=== TASK OBJECTIVE ===
I need the lines from the one holding "2021 HARLEY-DAVIDSON FLHCS" to the last line of the data below repeated exactly, both included, without pictures.

** RAW DATA follows **

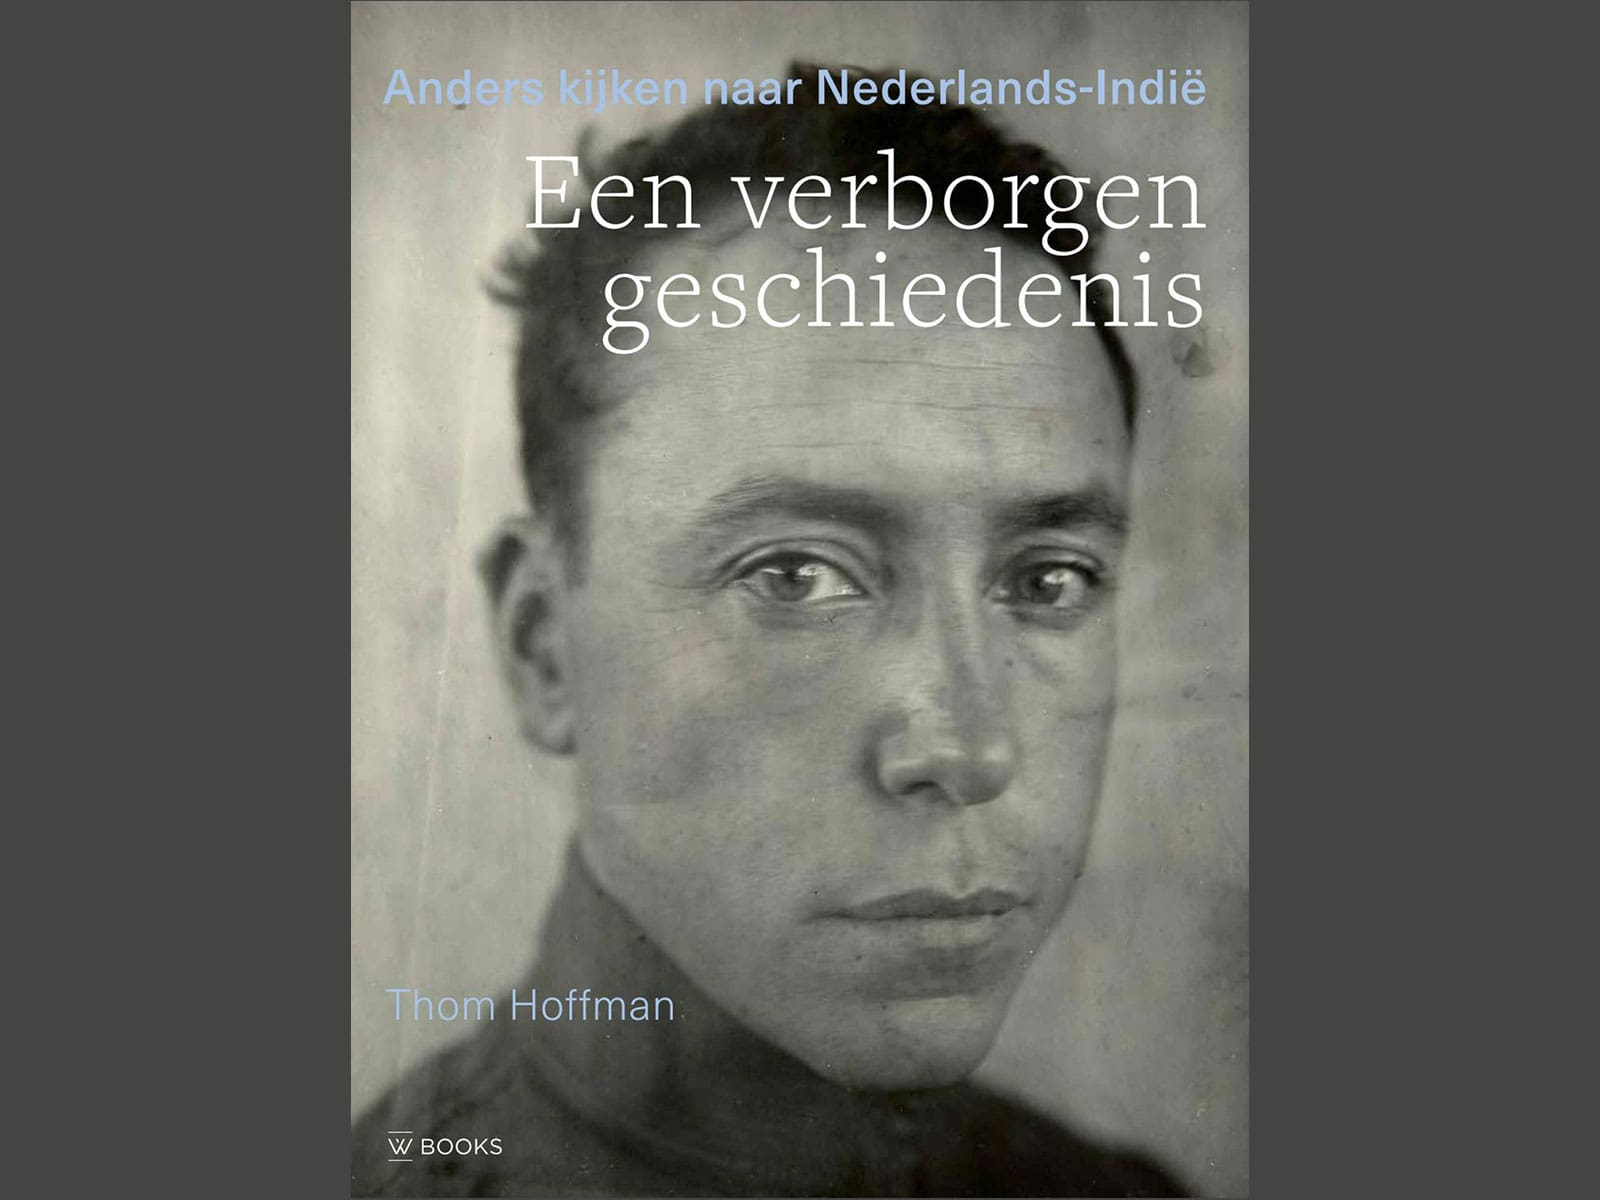 blog dossier indie wereldmuseum rotterdam 5 fotoboek verborgen geschiedenis thom hoffman
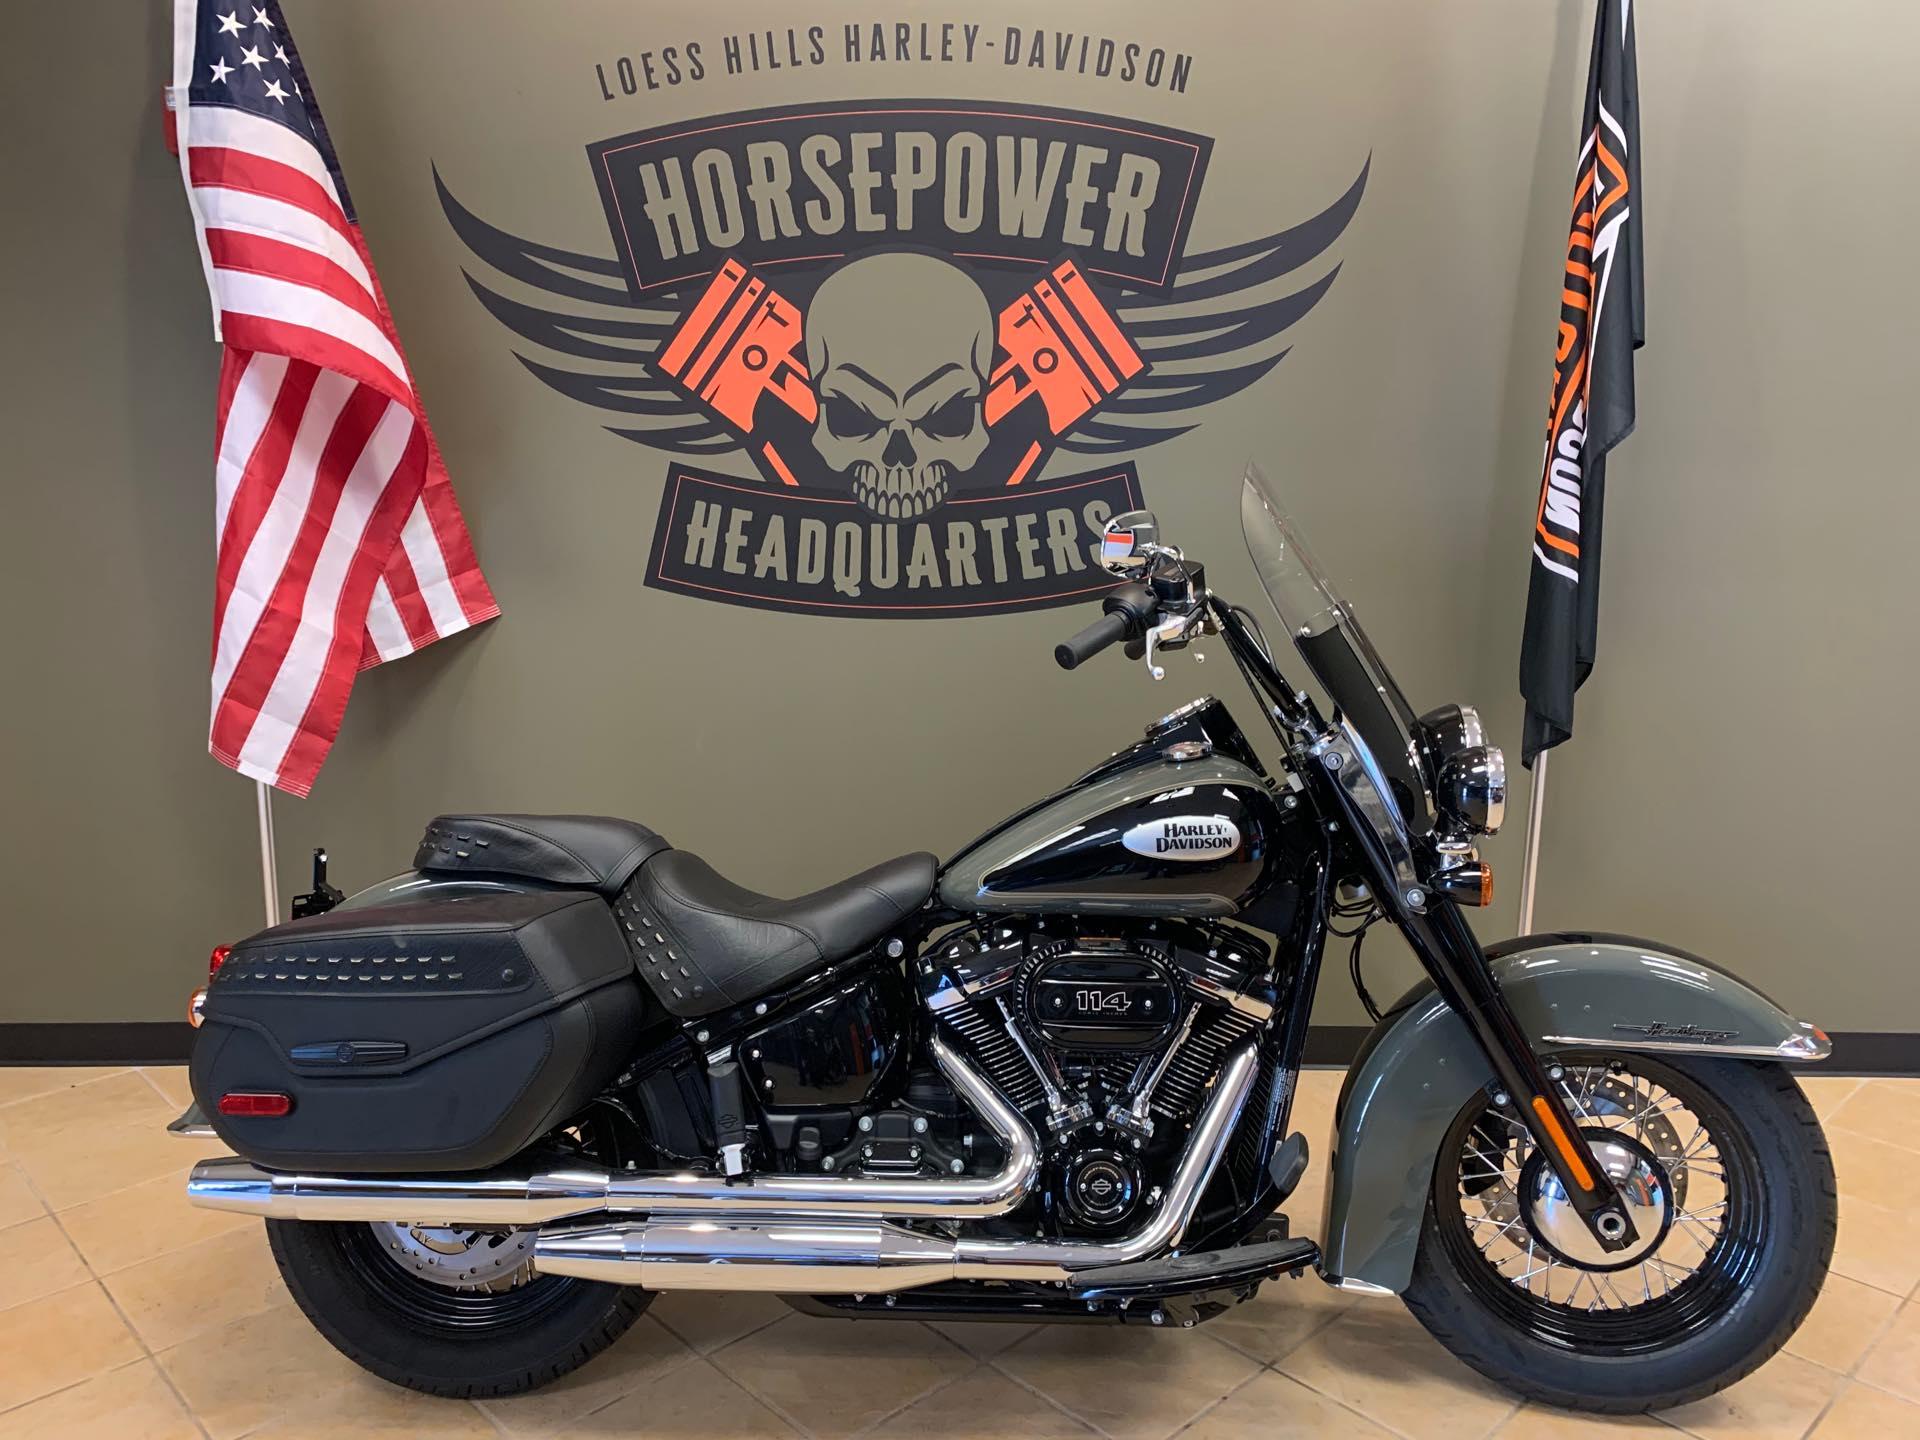 2021 HARLEY-DAVIDSON FLHCS at Loess Hills Harley-Davidson
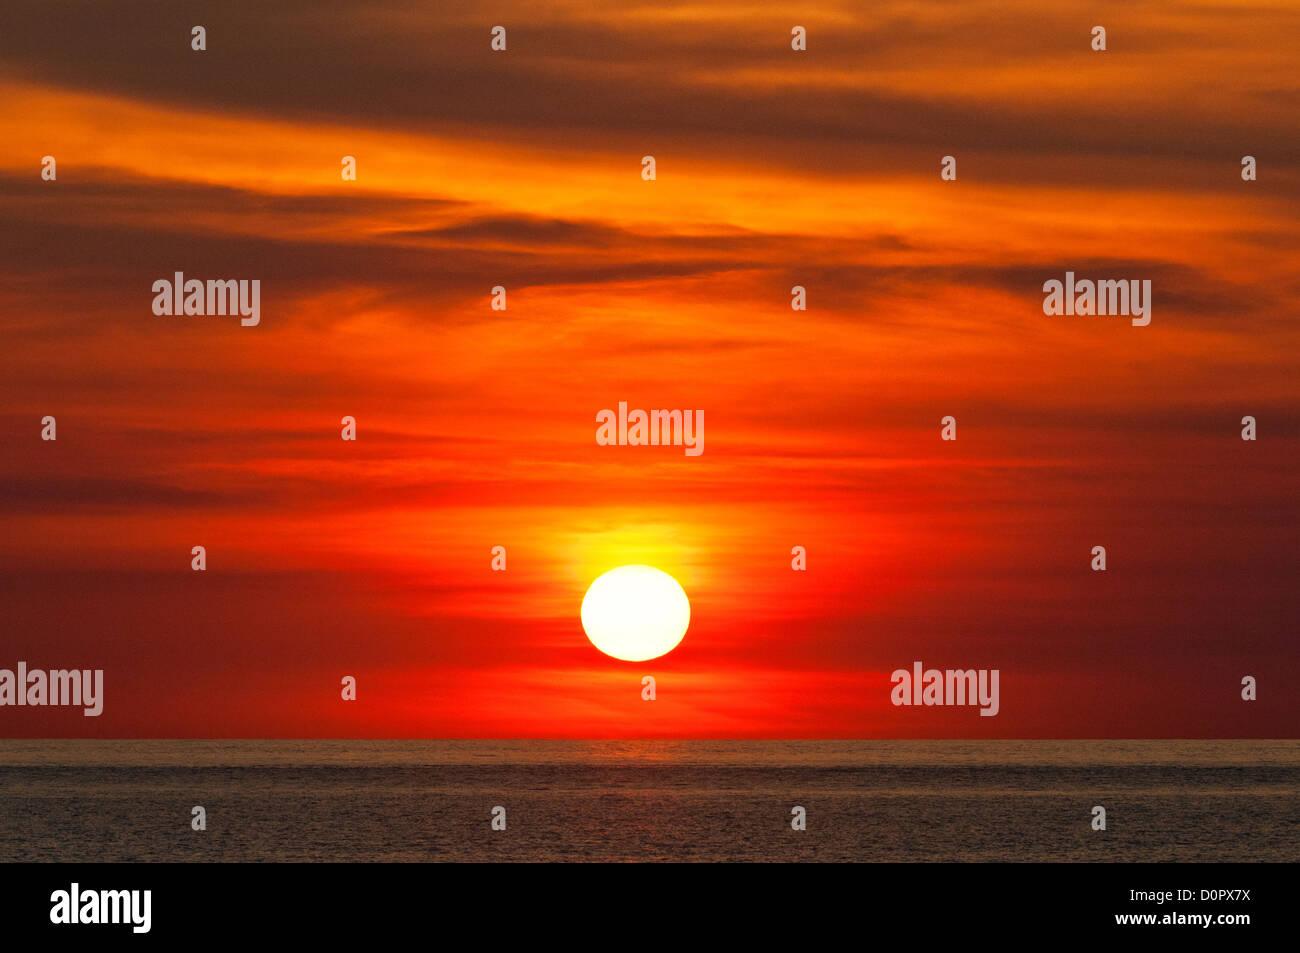 Fiery coucher de soleil sur l'Océan Indien. Photo Stock
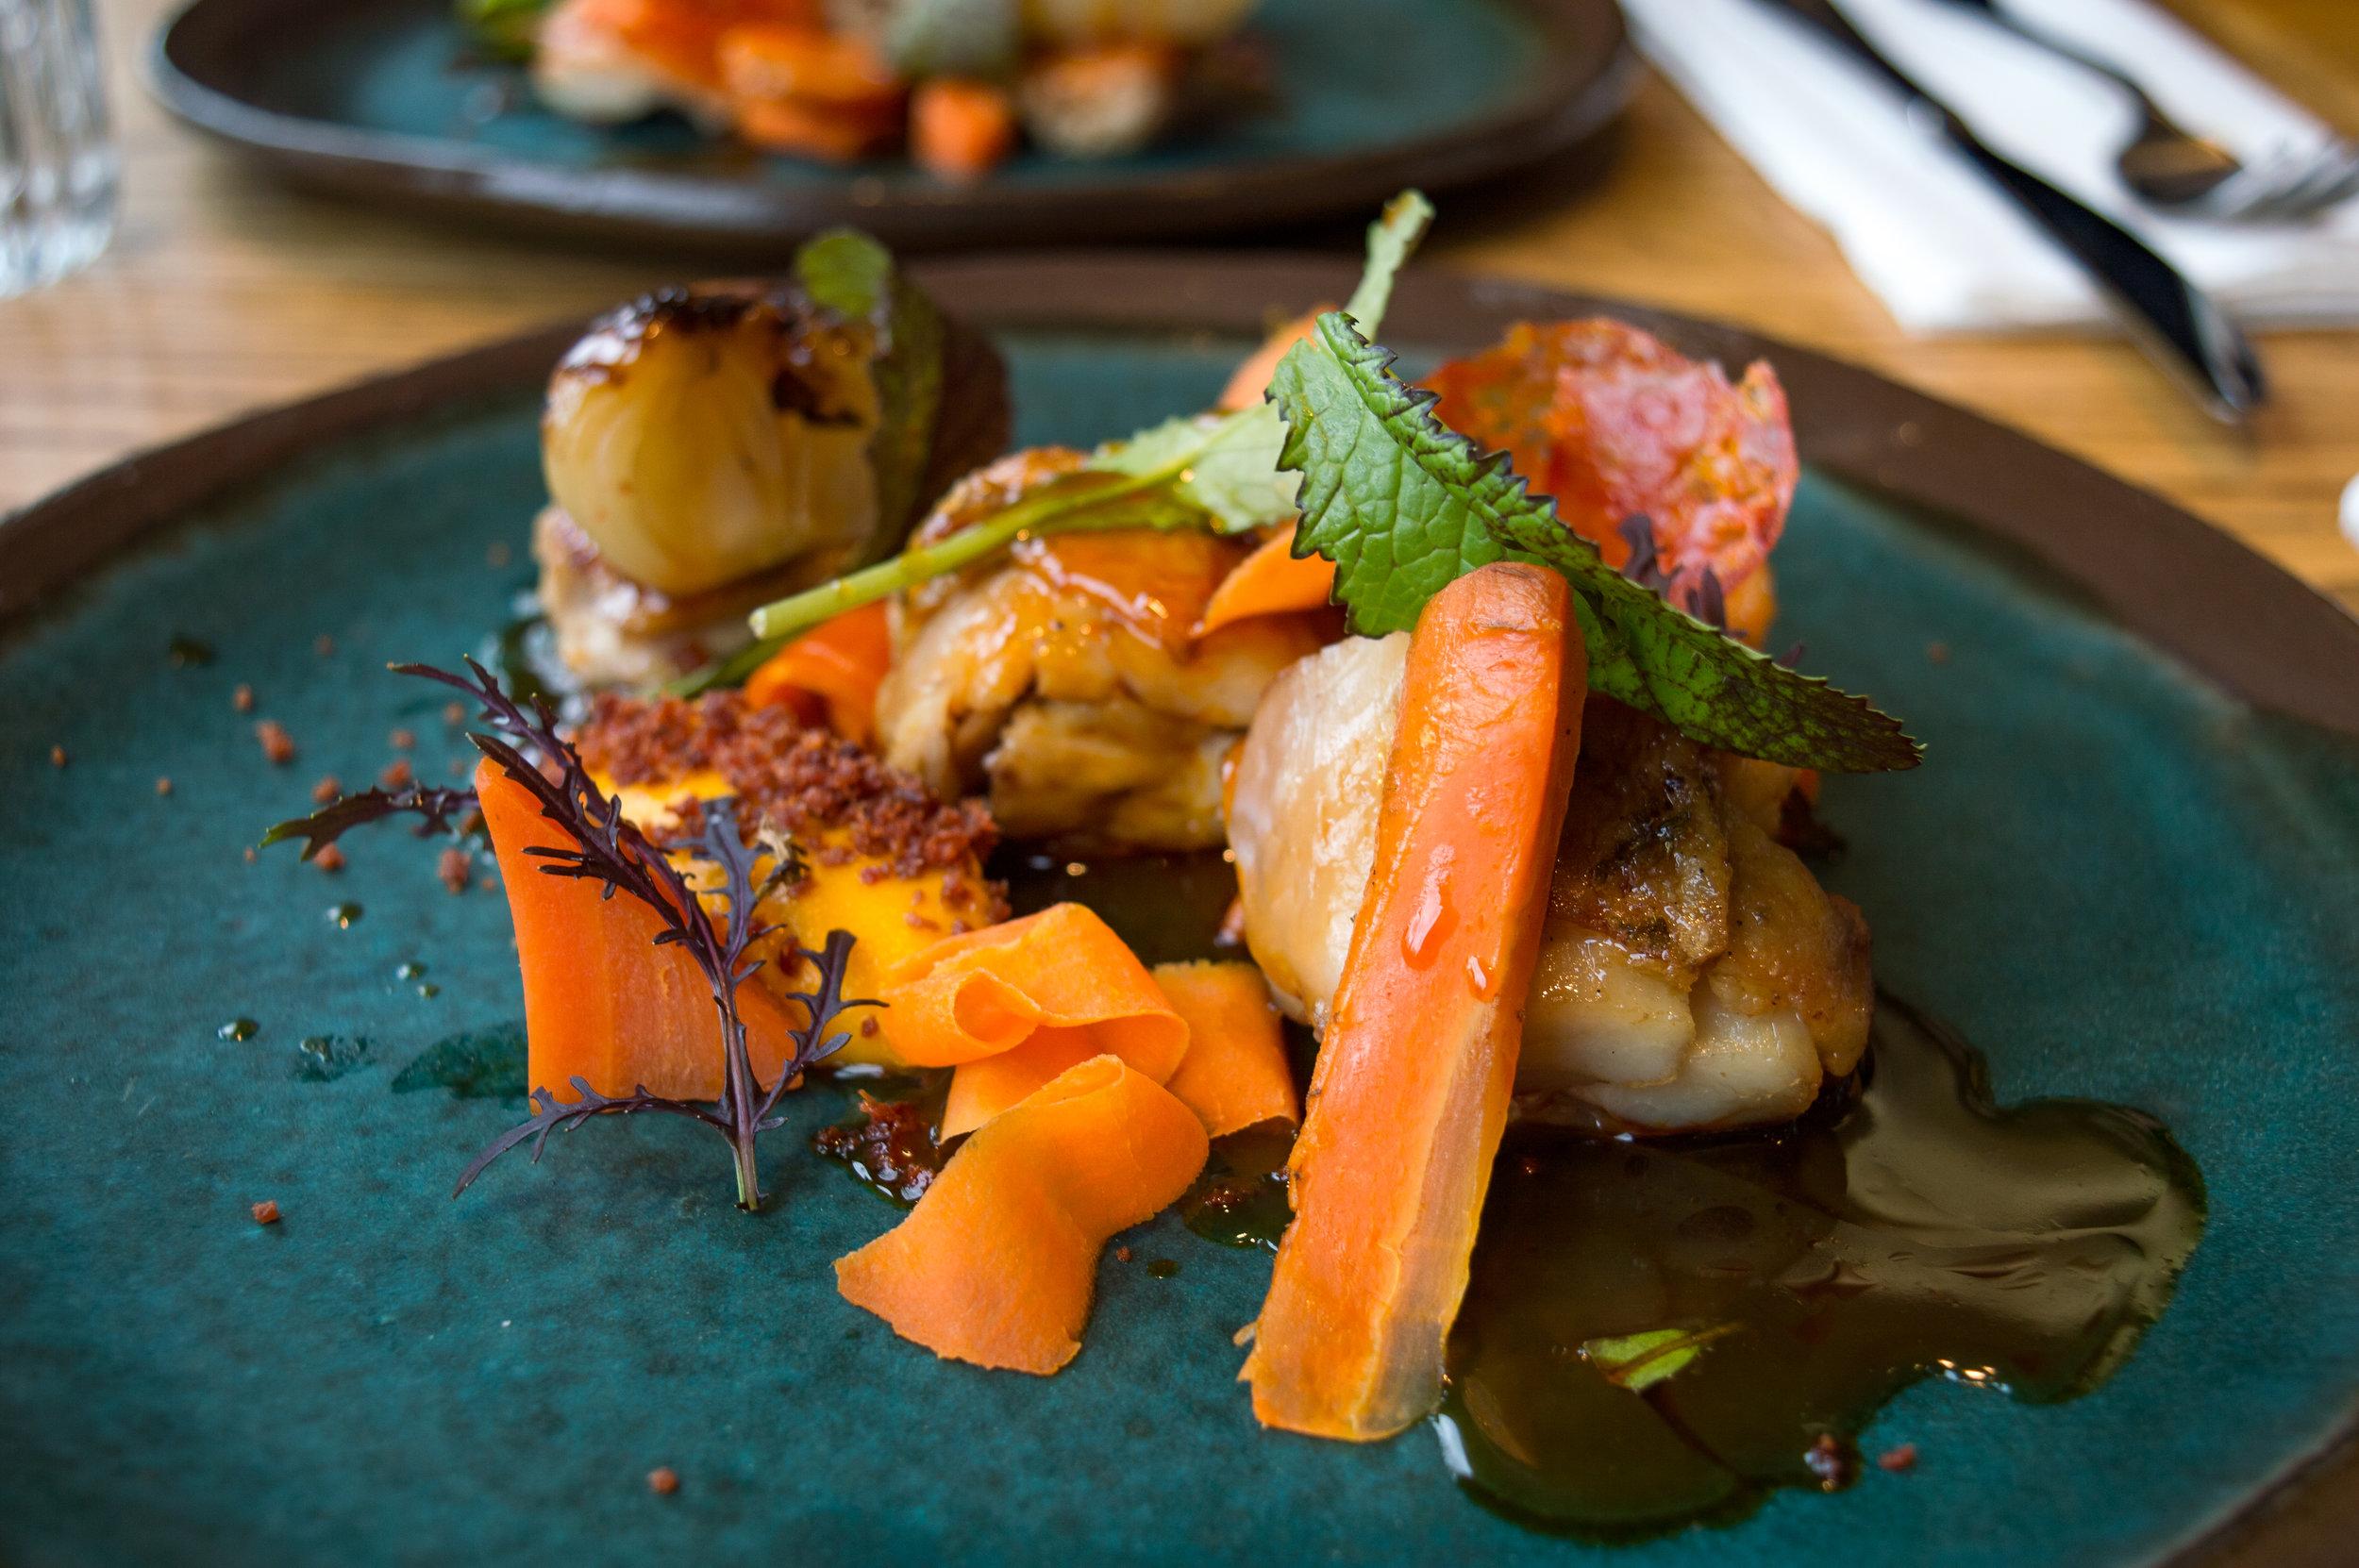 Chicken / carrot / chorizo / cipollini

** End of RAW DATA **

=== OUTPUT OF THE TASK ===
 2021 HARLEY-DAVIDSON FLHCS at Loess Hills Harley-Davidson
 Fiery coucher de soleil sur l'Océan Indien. Photo Stock
 Chicken / carrot / chorizo / cipollini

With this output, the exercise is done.